The two main features of UNet network structure are: U-shaped network structure and Skip Connection.

UNet is a symmetrical network structure, with down sampling on the left and up sampling on the right.

According to the function, the series of down-sampling operations on the left side can be called encoder, and the series of up-sampling operations on the right side can be called decoder.

There are four gray parallel lines in the middle of Skip Connection. Skip Connection is in the process of upsampling, fusion of the feature map in the process of downsampling.

The fusion operation used by Skip Connection is also very simple, that is, to superimpose the channels of the feature map, commonly known as Concat.

The Concat operation is also easy to understand. For example: a book A with a size of 10cm*10cm and a thickness of 3cm, and a book B with a size of 10cm*10cm and a thickness of 4cm.

Stack Book A and Book B with the edges aligned. In this way, a stack of books with a size of 10cm*10cm and a thickness of 7cm is obtained, similar to this:

 

This kind of "stacking together" operation is Concat.

In the same way, for a feature map, a feature map with a size of 256*256*64, that is, the w (width) of the feature map is 256, h (height) is 256, and c (the number of channels) is 64. Concat fusion with a feature map with a size of 256*256*32 will result in a feature map with a size of 256*256*96.

In actual use, the sizes of the two feature maps fused by Concat are not necessarily the same. For example, the feature map of 256*256*64 and the feature map of 240*240*32 are used for Concat.

In this case, there are two ways:

The first type: crop the large 256*256*64 feature map to a 240*240*64 feature map, such as up, down, left, and right, discarding 8 pixels, and then perform Concat after cropping to get 240*240*96 feature map.

The second type: padding the small 240*240*32 feature map, the padding is the feature map of 256*256*32, such as up and down, left and right, fill 8 pixels each, and then perform Concat after padding to get 256*256*96 The feature map.

The Concat scheme adopted by UNet is the second type, padding a small feature map, the padding method is to fill in 0, a regular constant padding.

2. Code

Some friends may not know much about Pytorch, and recommend an official tutorial for quick start. In one hour, you can master some basic concepts and Pytorch code writing methods.

Pytorch official foundation: click to view

We will split the entire UNet network into multiple modules for explanation.

DoubleConv module:

Let's take a look at two consecutive convolution operations.

It can be seen from the UNet network that regardless of the down-sampling process or the up-sampling process, each layer will perform two consecutive convolution operations.
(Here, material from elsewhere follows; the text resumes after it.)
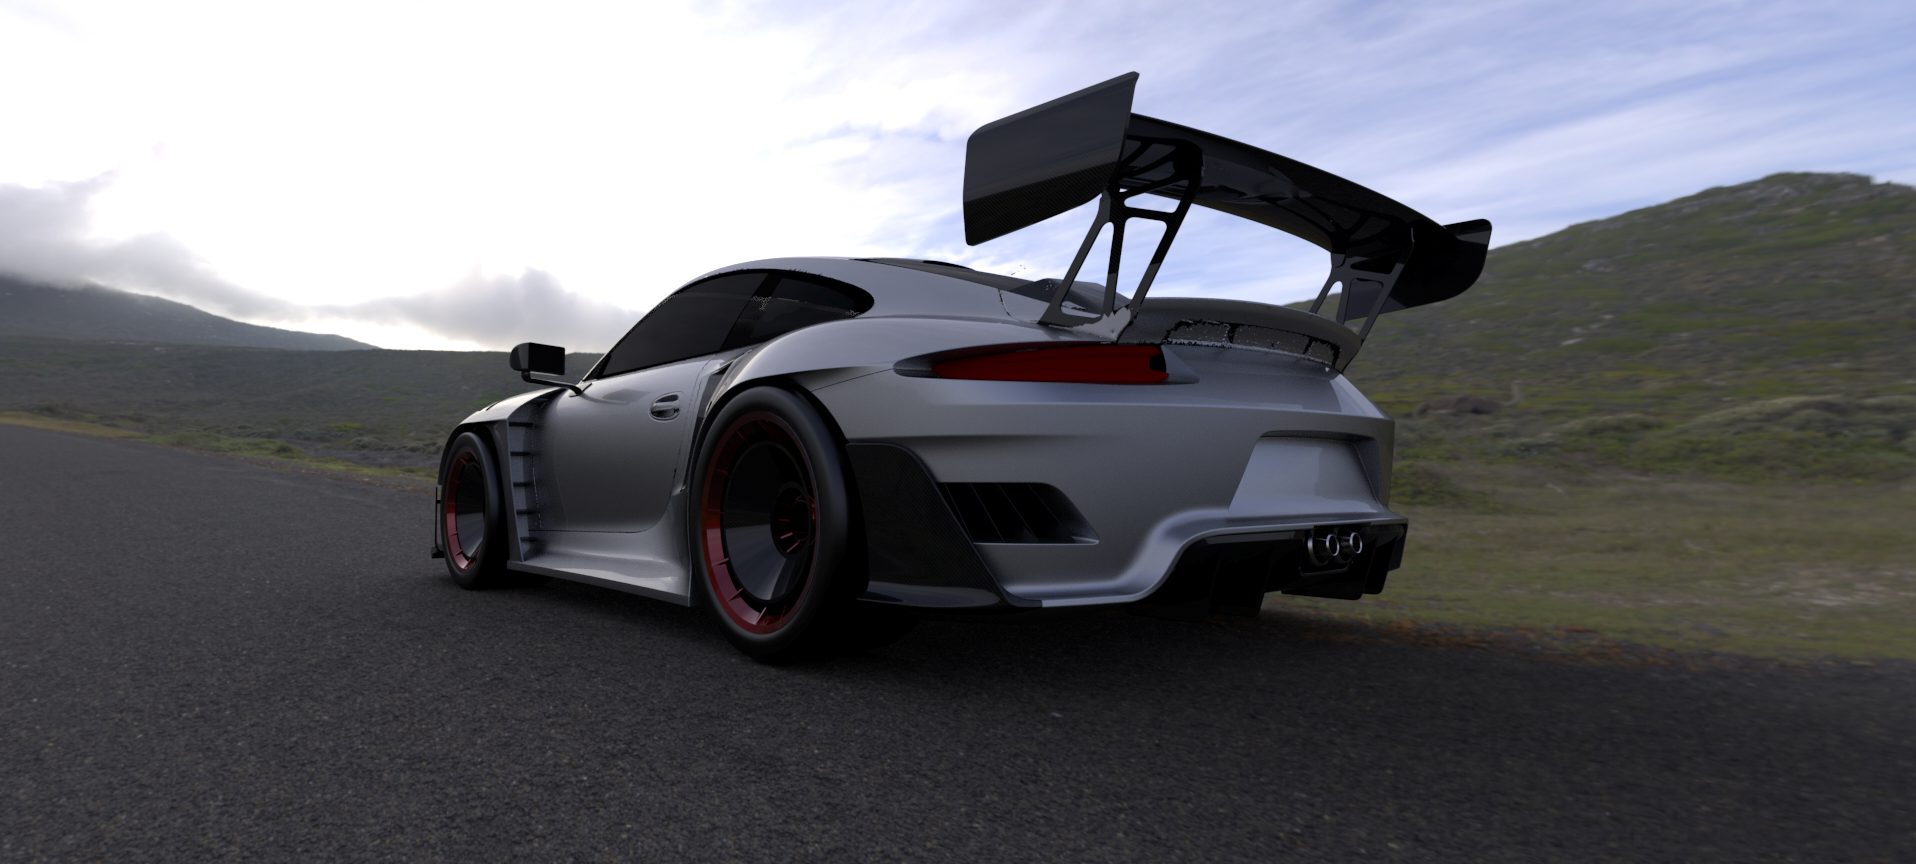 Check price and buy Duke Dynamics Body kit set for Porsche 911 991 GT RSR

This operation is repeated many times in the UNet network. You can write a DoubleConv module separately:

import torch.nn as nn

class DoubleConv(nn.Module):
    """(convolution => [BN] => ReLU) * 2"""

    def __init__(self, in_channels, out_channels):
        super().__init__()
        self.double_conv = nn.Sequential(
            nn.Conv2d(in_channels, out_channels, kernel_size=3, padding=0),
            nn.BatchNorm2d(out_channels),
            nn.ReLU(inplace=True),
            nn.Conv2d(out_channels, out_channels, kernel_size=3, padding=0),
            nn.BatchNorm2d(out_channels),
            nn.ReLU(inplace=True)
        )

    def forward(self, x):
        return self.double_conv(x)

Explain, the above Pytorch code: torch.nn.Sequential is a timing container, and Modules will be added to the container in the order in which they are passed in. For example, the operation sequence of the above code: convolution->BN->ReLU->convolution->BN->ReLU.

The in_channels and out_channels of the DoubleConv module can be flexibly set for extended use.

In the network shown in the figure above, in_channels is set to 1, and out_channels is set to 64.

The input image size is 572*572, after a 3*3 convolution with a step size of 1, and a padding of 0, a feature map of 570*570 is obtained, and a feature map of 568*568 is obtained after another convolution.

Calculation formula: O=(H−F+2×P)/S+1

H is the size of the input feature map, O is the size of the output feature map, F is the size of the convolution kernel, P is the padding size, and S is the step size.

Down module:

The UNet network has a total of 4 downsampling processes, and the modular code is as follows:

class Down(nn.Module):
    """Downscaling with maxpool then double conv"""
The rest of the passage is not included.